Malaysia court delays 'Allah' ruling

Hundreds of Muslims have demonstrated outside Malaysia's highest court as it postponed a decision on whether to hear the Catholic Church's bid to be allowed to call God "Allah".

The church is seeking to challenge a lower court's ruling last October that sides with the government forbidding non-Muslims from using the Arabic "Allah" in the local Malay language, an issue that has increased tensions in the Muslim-majority multi-ethnic country.

But a seven-judge panel in the administrative capital Putrajaya on Wednesday delayed its decision on whether to allow a full hearing of the case, or whether the lower court's verdict stands.

It gave no date for the decision after hearing arguments from both sides.

The church's lawyer Cyrus Das told AFP he was "quite confident" the panel would allow a full hearing. The case is "of great public importance", he said in court.

An appeals court in October barred the Catholic newspaper Herald from using "Allah" in its Malay-language edition, overturning a lower court's 2009 ruling in favour of the church.
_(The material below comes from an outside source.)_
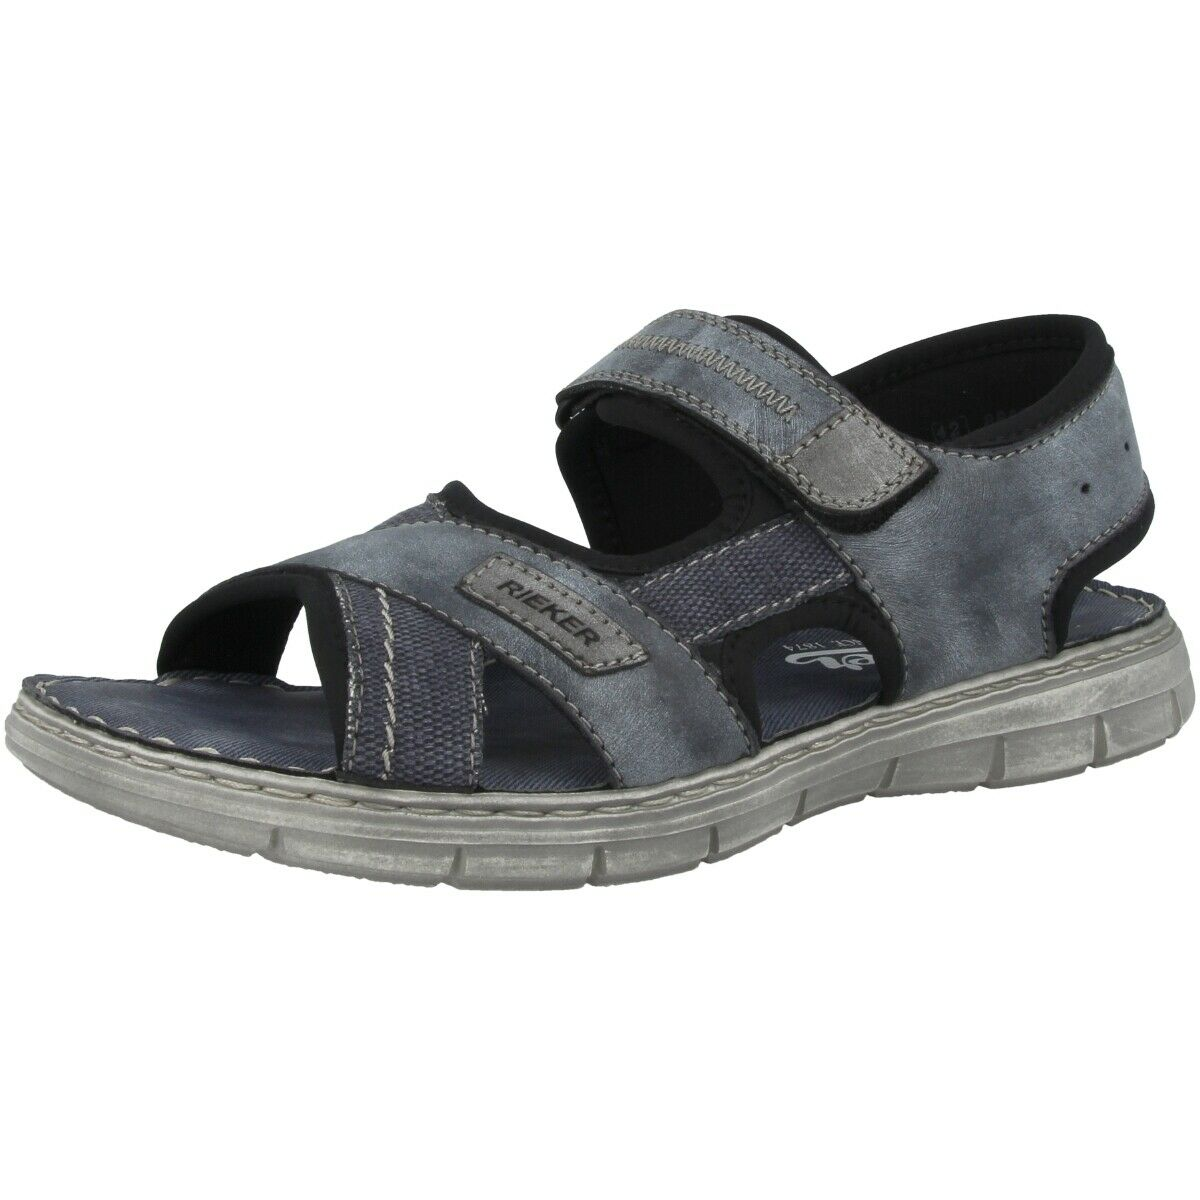 Rieker Fabric-SERBIA-SERBIA-Scuba High-heeled Sandals Anti-Stress shoes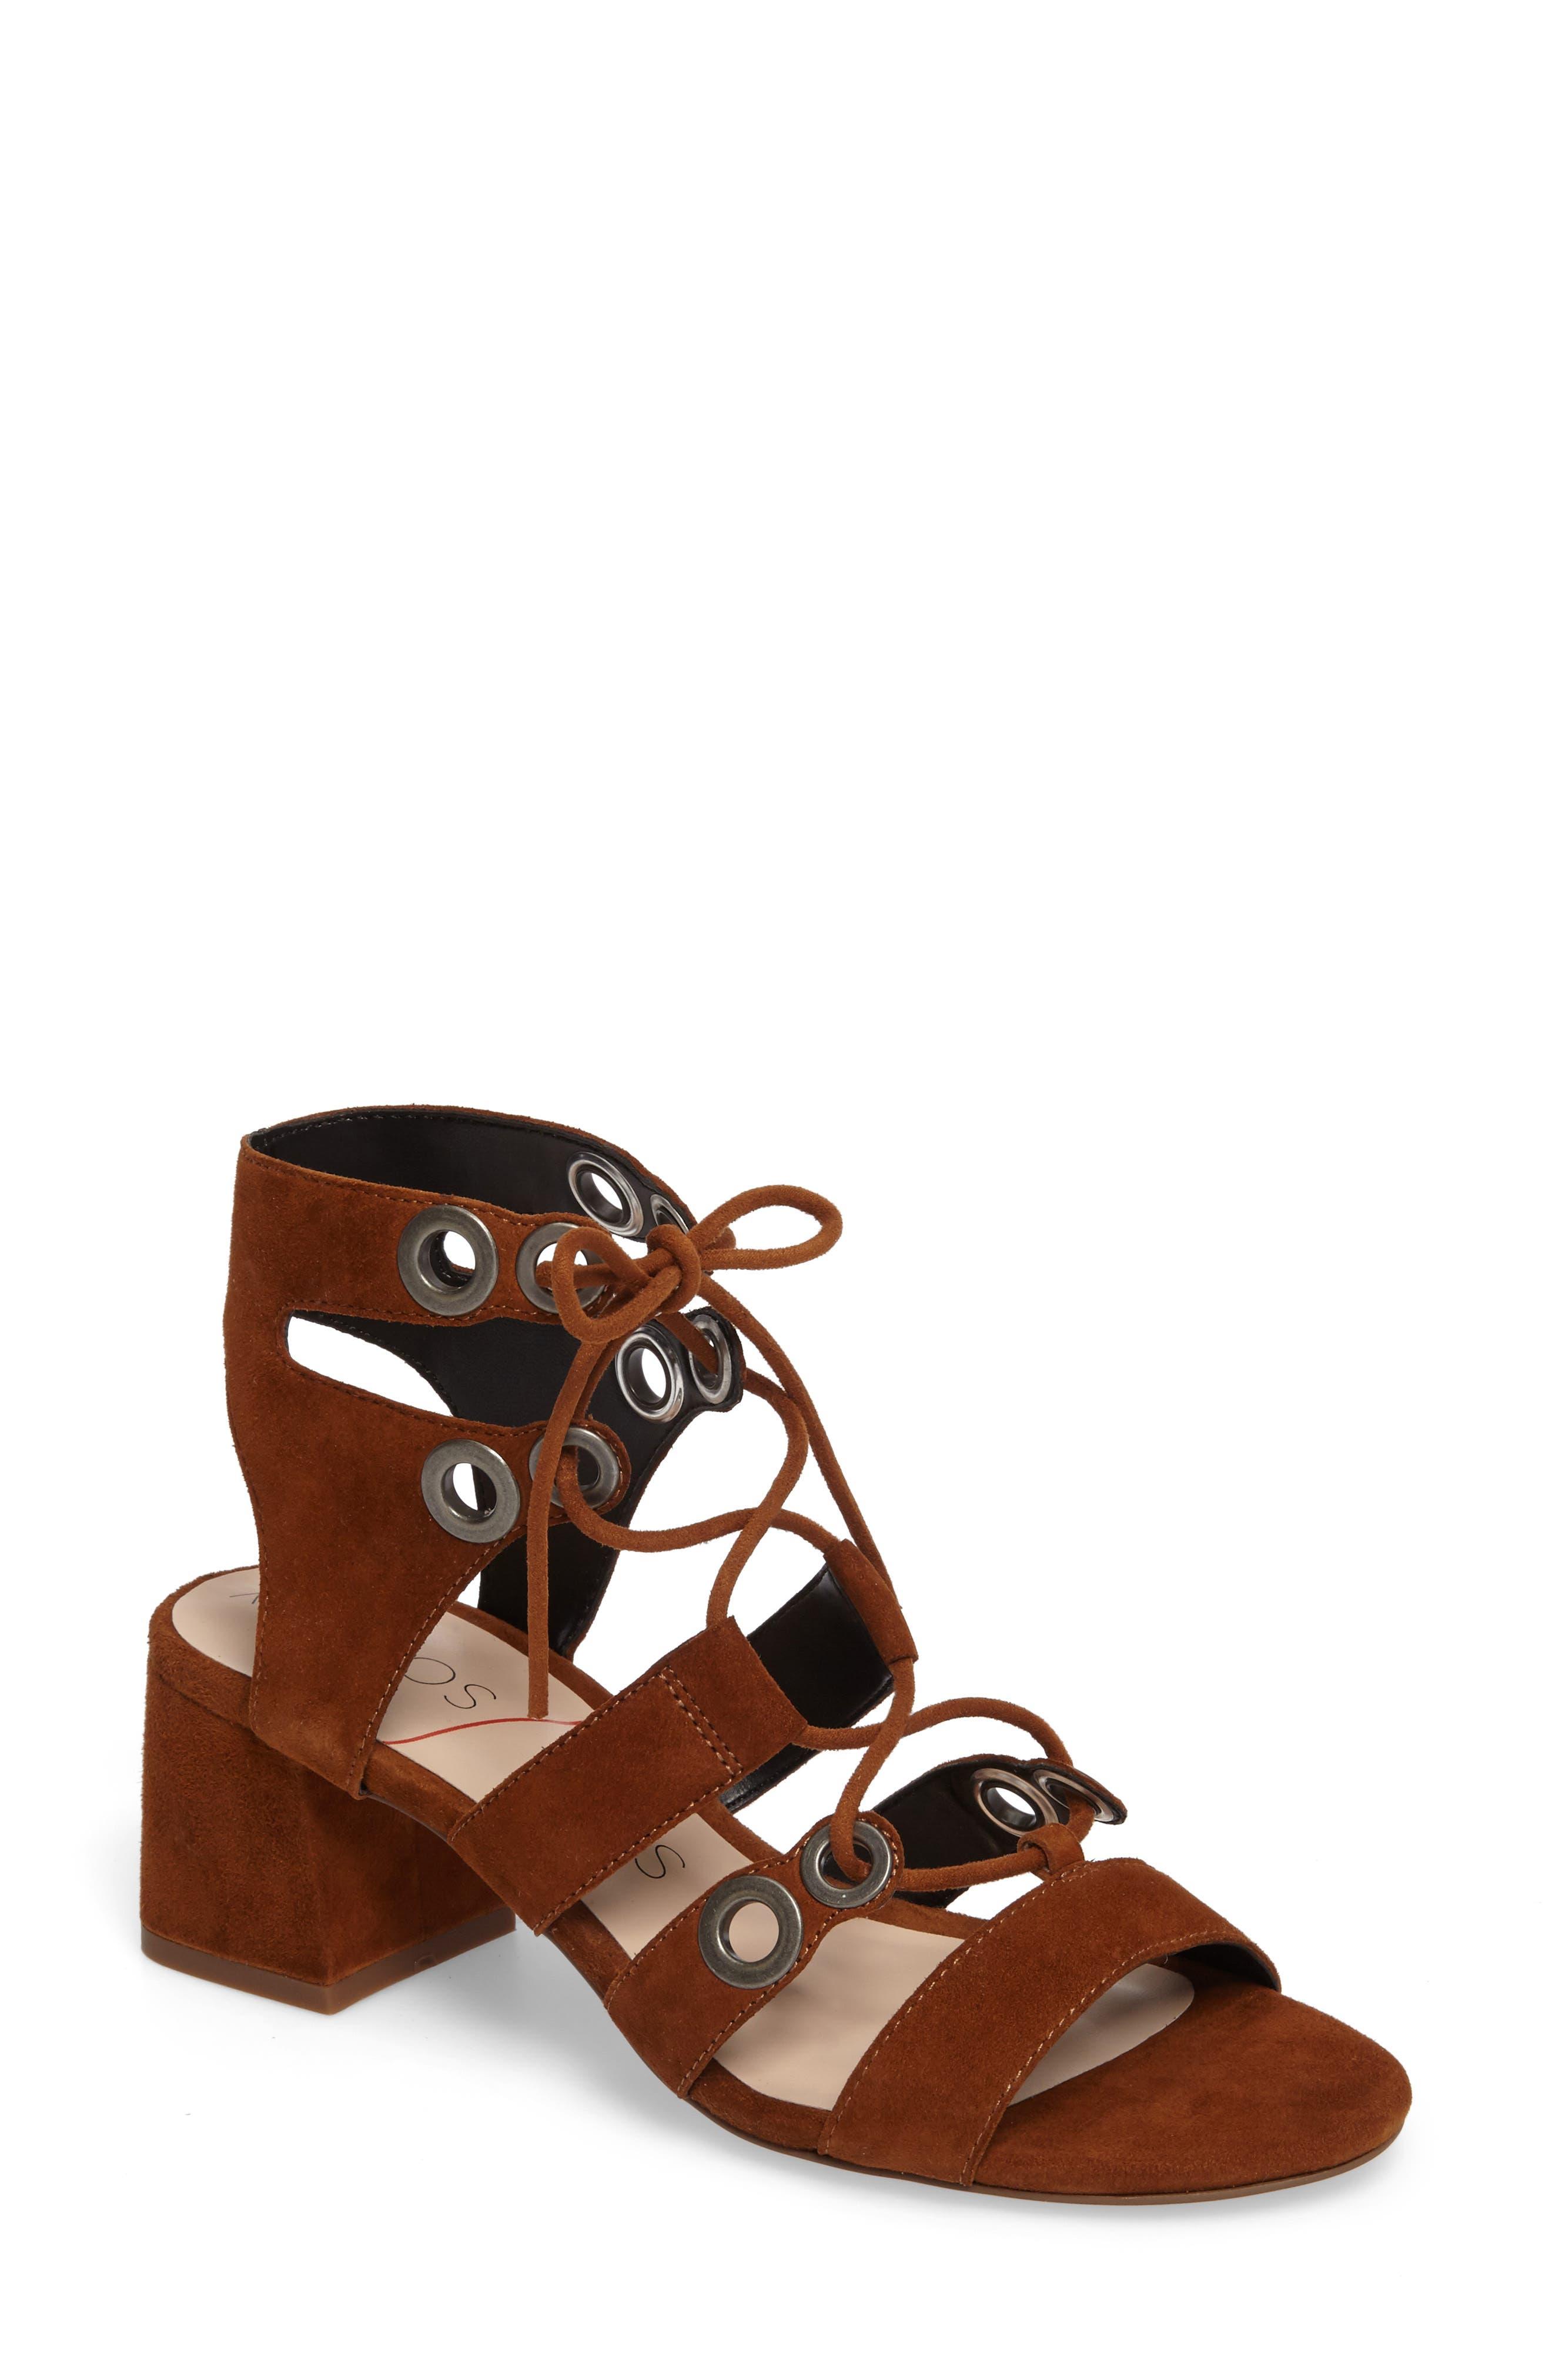 Main Image - Sole Society Rosemary Lace-Up Sandal (Women)

The church argues "Allah" has been used for centuries in Malay-language Bibles and other literature to refer to "God" outside of Islam.

But authorities say using "Allah" in non-Muslim literature could confuse Muslims and entice them to convert, a crime in Malaysia.

As the case began Wednesday, some 500 Muslims gathered outside the court, chanting "Allahu Akbar" or "God is great" and holding banners that read: "Want to use 'Allah', join Islam. Don't be ill-mannered".

They dispersed after the court hearing.